Reading symbols from /usr/sbin/ldap-agent-bin...Reading symbols from
/usr/lib/debug/usr/sbin/ldap-agent-bin.debug...done.
done.
(gdb) run
Starting program: /usr/sbin/ldap-agent-bin /etc/dirsrv/config/ldap-agent.conf
[Thread debugging using libthread_db enabled]
Using host libthread_db library "/lib64/libthread_db.so.1".

Program received signal SIGSEGV, Segmentation fault.
__strcpy_ssse3 () at ../sysdeps/x86_64/multiarch/strcpy-ssse3.S:2473
2473            movl    %eax, (%rdx)
Missing separate debuginfos, use: debuginfo-install
bzip2-libs-1.0.6-3.fc15.x86_64 elfutils-libelf-0.152-1.fc16.x86_64
keyutils-libs-1.5.2-1.fc16.x86_64 libacl-2.2.51-2.fc16.x86_64
libattr-2.4.46-2.fc16.x86_64 libcap-2.22-1.fc15.x86_64
libselinux-2.1.6-6.fc16.x86_64 lua-5.1.4-9.fc16.x86_64
nss-softokn-freebl-3.13.1-15.fc16.x86_64 nss-util-3.13.1-3.fc16.x86_64
perl-libs-5.14.2-195.fc16.x86_64 popt-1.13-9.fc16.x86_64
xz-libs-5.1.1-1alpha.fc16.x86_64 zlib-1.2.5-6.fc16.x86_64
(gdb) info stack
#0  __strcpy_ssse3 () at ../sysdeps/x86_64/multiarch/strcpy-ssse3.S:2473
#1  0x000000396c63bfff in ldif_read_record (lfp=0x60b890, lno=0x7fffffffd27c,
bufp=0x7fffffffd250,
    buflenp=0x7fffffffd278) at /usr/include/bits/string3.h:105
#2  0x000000000040259f in load_config (conf_path=<optimized out>) at
ldap/servers/snmp/main.c:404
#3  0x0000000000401cb6 in main (argc=<optimized out>, argv=<optimized out>) at
ldap/servers/snmp/main.c:102

attachment
snmp-dse.ldif

To reproduce you need to have two or more slapd instances defined in ldap-agent.conf file, the agent will crash at startup.

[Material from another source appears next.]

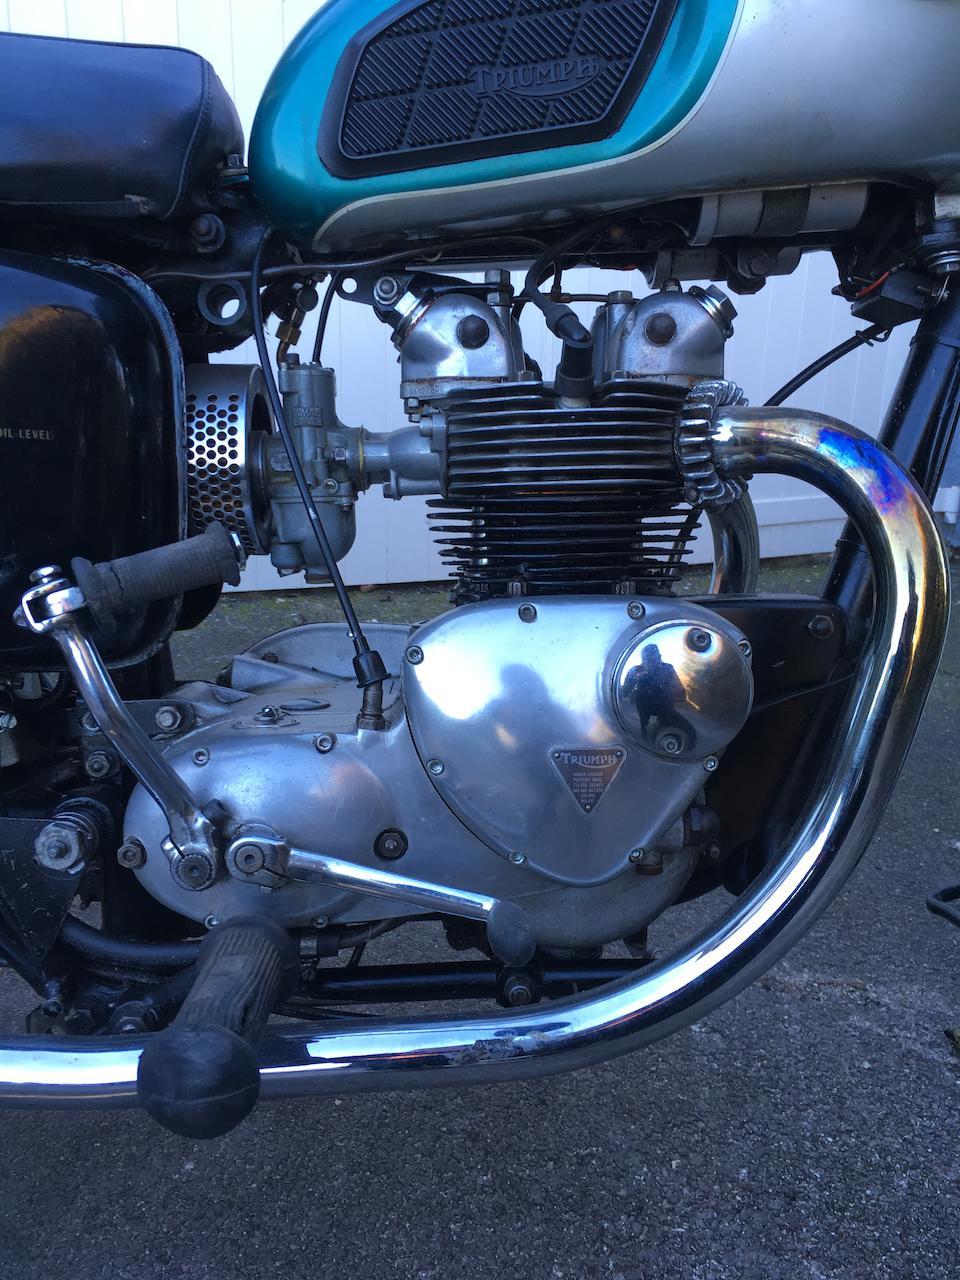 1968 Triumph 490cc Daytona Frame no. T100T H64801 Engine no. T100T H64801

When using openldap, we were not reseting the buffer length between dse.ldif files. So we end passing in a
huge buffer length for the first line of the new file, which leads to invalid memory being read later on.

Thanks for the review Rich!

[mareynol@localhost snmp]$ git merge ticket319
Updating 77cacd9..58dc93c
Fast-forward
ldap/servers/snmp/main.c | 1 +
1 files changed, 1 insertions(+), 0 deletions(-)

[mareynol@localhost snmp]$ git push origin master
Counting objects: 11, done.
Delta compression using up to 4 threads.
Compressing objects: 100% (6/6), done.
Writing objects: 100% (6/6), 778 bytes, done.
Total 6 (delta 5), reused 0 (delta 0)
To ssh://git.fedorahosted.org/git/389/ds.git
77cacd9..58dc93c master -> master

originally targeted for 1.2.11.rc1, but actually in the 1.2.11.a1 release

Ticket has been cloned to Bugzilla: https://bugzilla.redhat.com/show_bug.cgi?id=834057

Added initial screened field value.

Metadata Update from @mreynolds:
- Issue assigned to mreynolds
- Issue set to the milestone: 1.2.11.a1
7 years ago

389-ds-base is moving from Pagure to Github. This means that new issues and pull requests
will be accepted only in 389-ds-base's github repository.

This issue has been cloned to Github and is available here:
- https://github.com/389ds/389-ds-base/issues/319

If you want to receive further updates on the issue, please navigate to the github issue
and click on subscribe button.

Thank you for understanding. We apologize for all inconvenience.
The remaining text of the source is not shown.